I agree I have had guys park right on top me when there was an entire open lake


----------



## Erieangler51 (Sep 24, 2012)

I agree to an extent. On old state park on portage lakes there isn't a whole lot of area to fish and people will get close (10 ft or so) but there isn't much room when 20-25 people are out there. It's the first to freeze almost every year so people are anxious to get out and try out new gear. Any other circumstance I say stay at least 20 feet away minimum unless it's a buddy and you want to be within talking distance which I do quite regularly. 

You should fish with fish2win. I've had him ask me to move my left foot while I'm fishing so he could drill a hole


----------



## Cntrpn (Jan 18, 2016)

Dont get me wrong if he would of taken two minutes to talk to me I would of been fine with it. But to drill a hole 3 feet away from me is just stupid. People need space to breath. I do get some times the ice don't allow for it. Just take the time to say hi befor crashing on my couch¿ lol


----------



## Erieangler51 (Sep 24, 2012)

I completely agree.

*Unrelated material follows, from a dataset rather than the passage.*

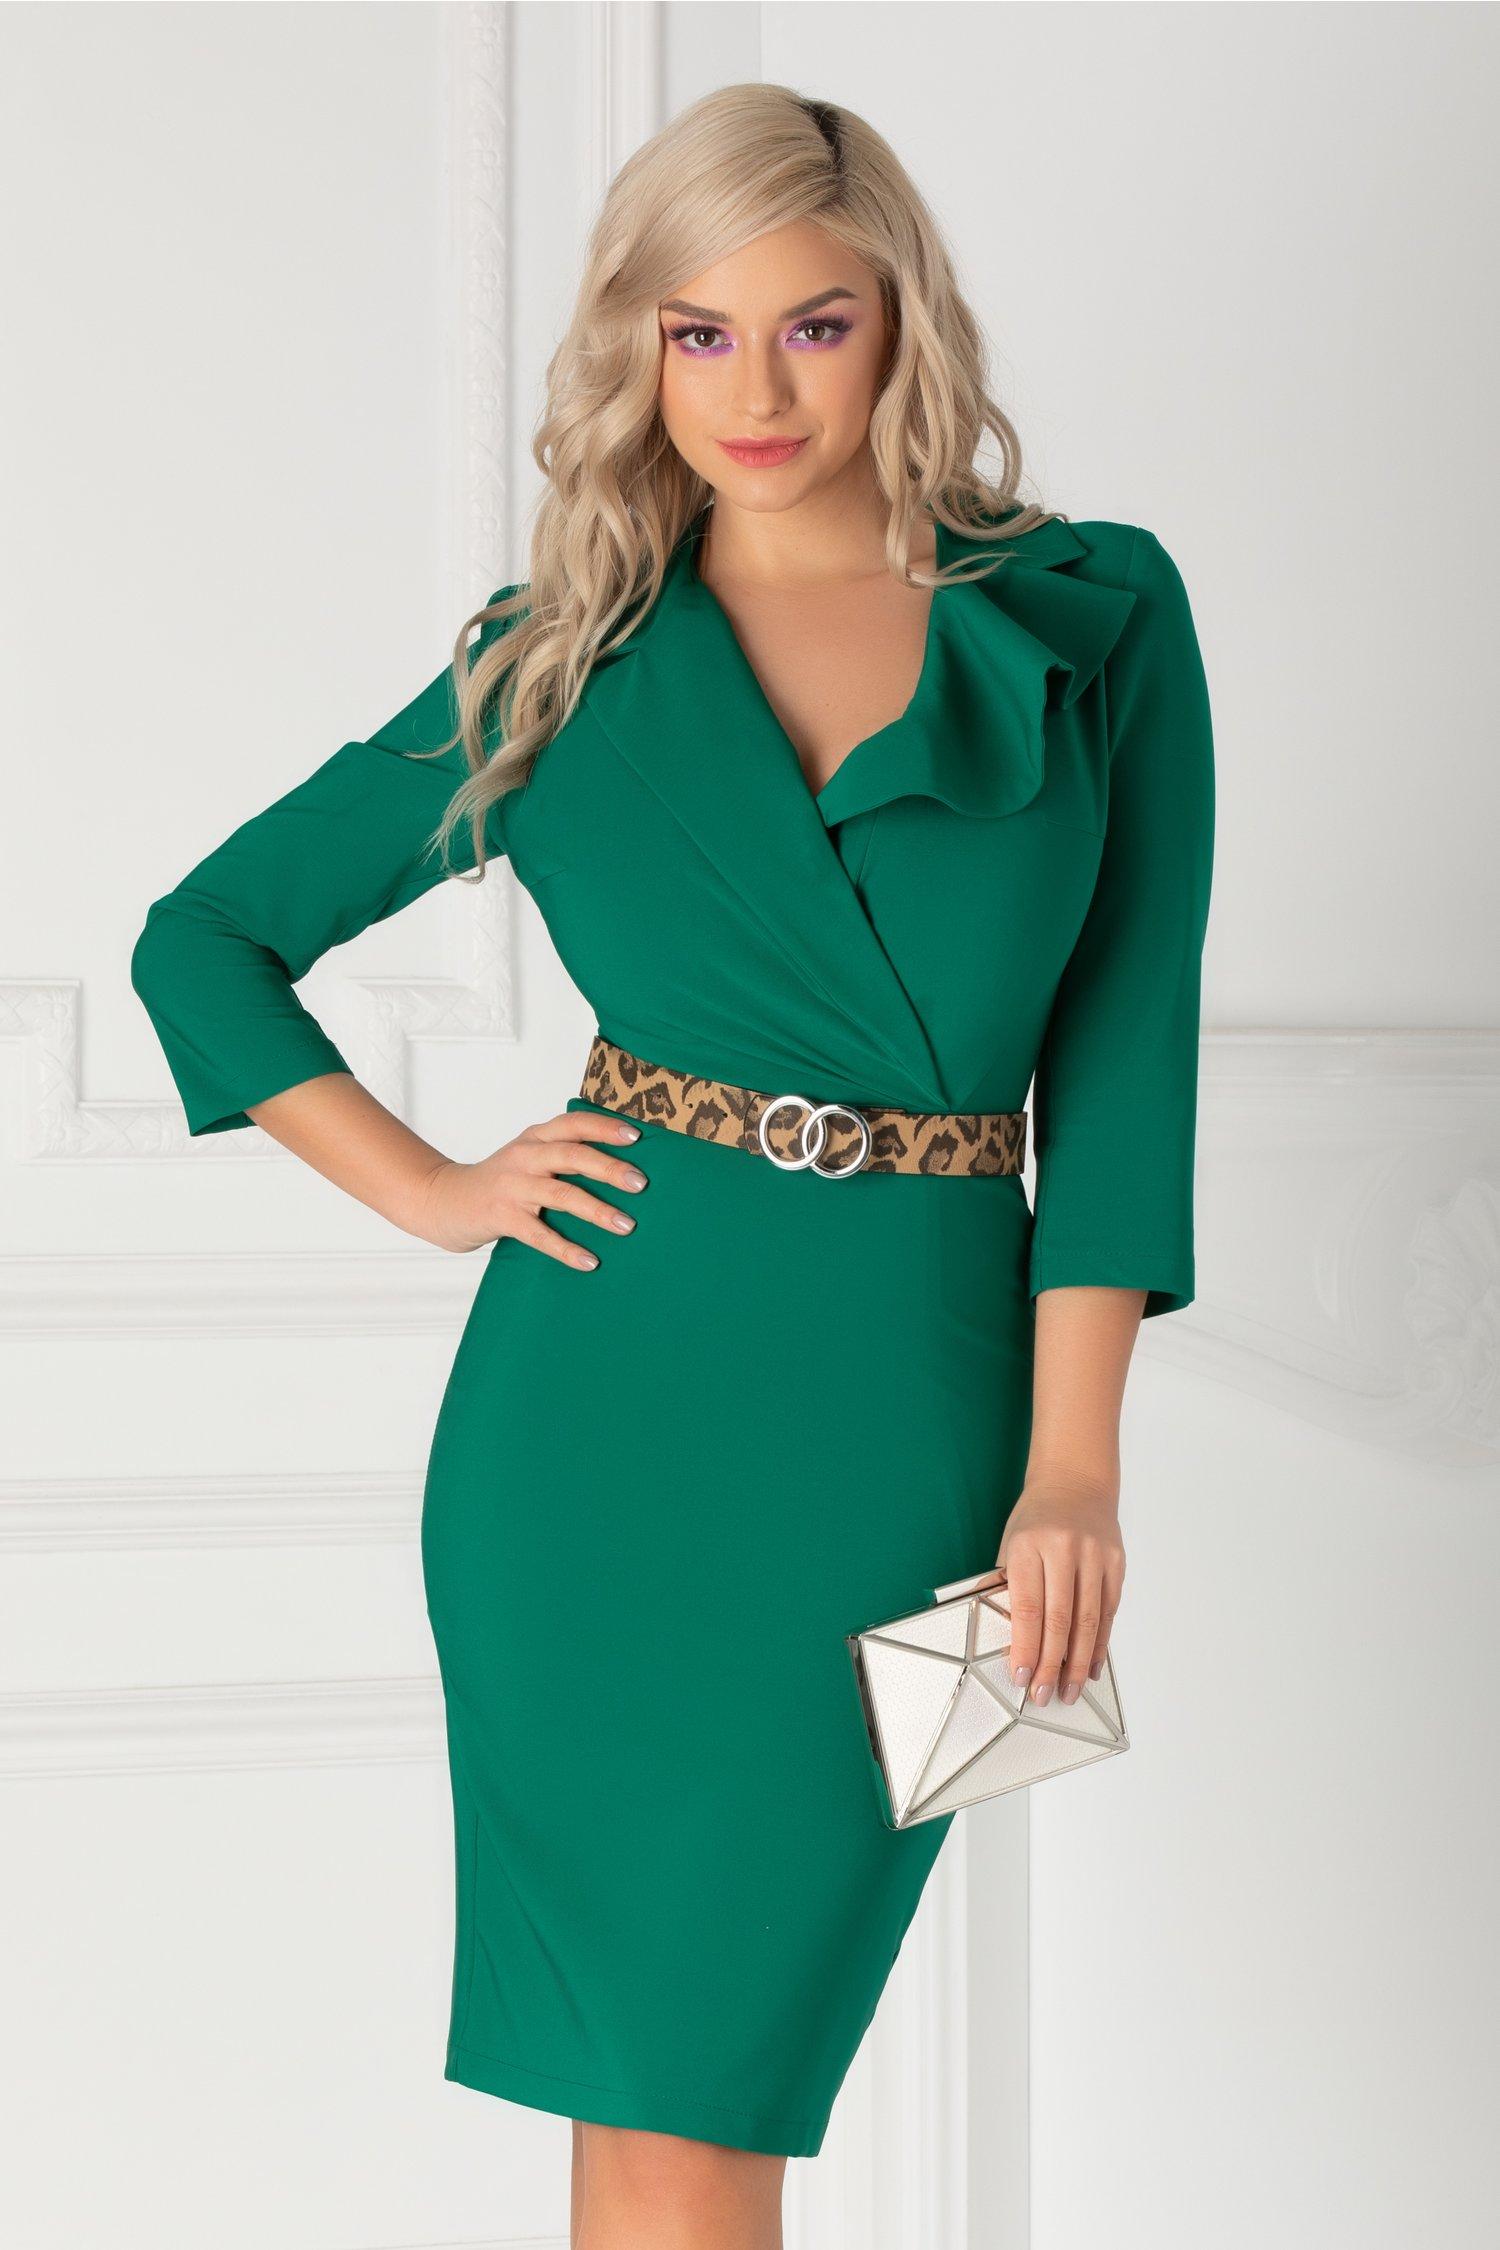 Rochie Ladonna verde cu decolteu petrecut si curea animal print

At least try to make small talk and and get a feel for the situation before going for it. The one thing I miss about living In Minnesota I could take a drive mid February a few hrs north of the cities and get on a lake that hadn't seen a human since ice up. No holes drilled no snowmobile tracks. Here your bound to see at least 10 people a trip


----------



## laynhardwood (Dec 27, 2009)

Some people have never been taught Common courtesy. It sucks but I always make sure none of my fish caught are visible. I leave them in my shanty or in a bucket if for some reason I'm not in a shanty. People see a pile of fish like a party invitation.


----------



## wolfenstein (Jan 6, 2014)

Sorry cntrpn, but my blades are sharp like butter knives. I was wondering how long that guy in the fancy fishing house was going to let me scratch around there before he yelled at me or offered help...i.e. what he was catching them on, any extra bait and if you can see me on your flasher. I'm just a squirrel trying to get a gill. Looks like we both had crappy trips. See you next time...everyone. at least this made me laugh.


----------



## icebucketjohn (Dec 22, 2005)

Nuff Said:


----------



## brad crappie (Sep 29, 2015)

Cntrpn said:


> Public water is for all of us to enjoy. That being said you should take a few min and think about etiquette. No one wants someone walking up to your favorite spot and drilling holes right on top of you. First off you don't know how safe the ice is around them. (Nothing like adding 200+-pounds on some sketchy ice) Second no one want you up ther a**. What ever happened to people asking if it was cool to join another fisherman in there spot?
> I only bring this up because I was on the ice today and had someone walk right up and drill a hole (no joke) 3 feet from my shanty. Now the ice was shifting realy bad as it was. Then you add 200lbs. Real nice. Am I wrong? Sould i not be upset? Is this how it is? I can just walk right up and drill a holes next/on top of anyone?
> Any thoughts?


 95 percent of fishermen look for people catching fish 5 percent find them and catch them! I have drilled a few times close to people that u know are on some kind a structure way out in the middle of nowhere that I have fished and found! it was not right but am a little older now and would not do it unless we were fishing a tourney! That's why if u show your fish or camp on a spot for days that's what's going to happen ! I had a buddy tell me the other night some a hole came after dark to check his holes walking with a flash light checking for fish blood and fished left on the ice!! Example of a scumbag and another using binoculars to see what your catching! I spend a lot of money driving to places to catch good fish and 85 percent of the time I release my fish gills craps,and perch if u fish as much me and I want bigger fish! Period the human race screw a lot of good things up!!


----------



## RJohnson442 (May 14, 2013)

I personally don't like the crowd and tend to move away if at all possible. But some days as other have said there is structure or just a spot you like and someone is there or close. I ask to be courteous if I feel I'm getting close in on someone and the answer is usually yes as long as you ask them. The way I feel about it is that it's not open water, were not casting 30 yards or almost running each other over in boats to fish a drop off or a tree. We're fishing a 6 to 8 inch hole, no the whole lake. If you can fit a hole next to me and my shanty go for it. If I move though please don't follow that's what really gets me! My skinny butt will walk you out onto thin ice if you keep following


----------



## AtticaFish (Nov 23, 2008)

Cntrpn - Well..... i read the forum here often and am pretty sure i could tell you the exact location that this happened and i live no where close. There is a nice long thread talking about lots of fish being caught with some pretty specific location information about exactly where in that small area.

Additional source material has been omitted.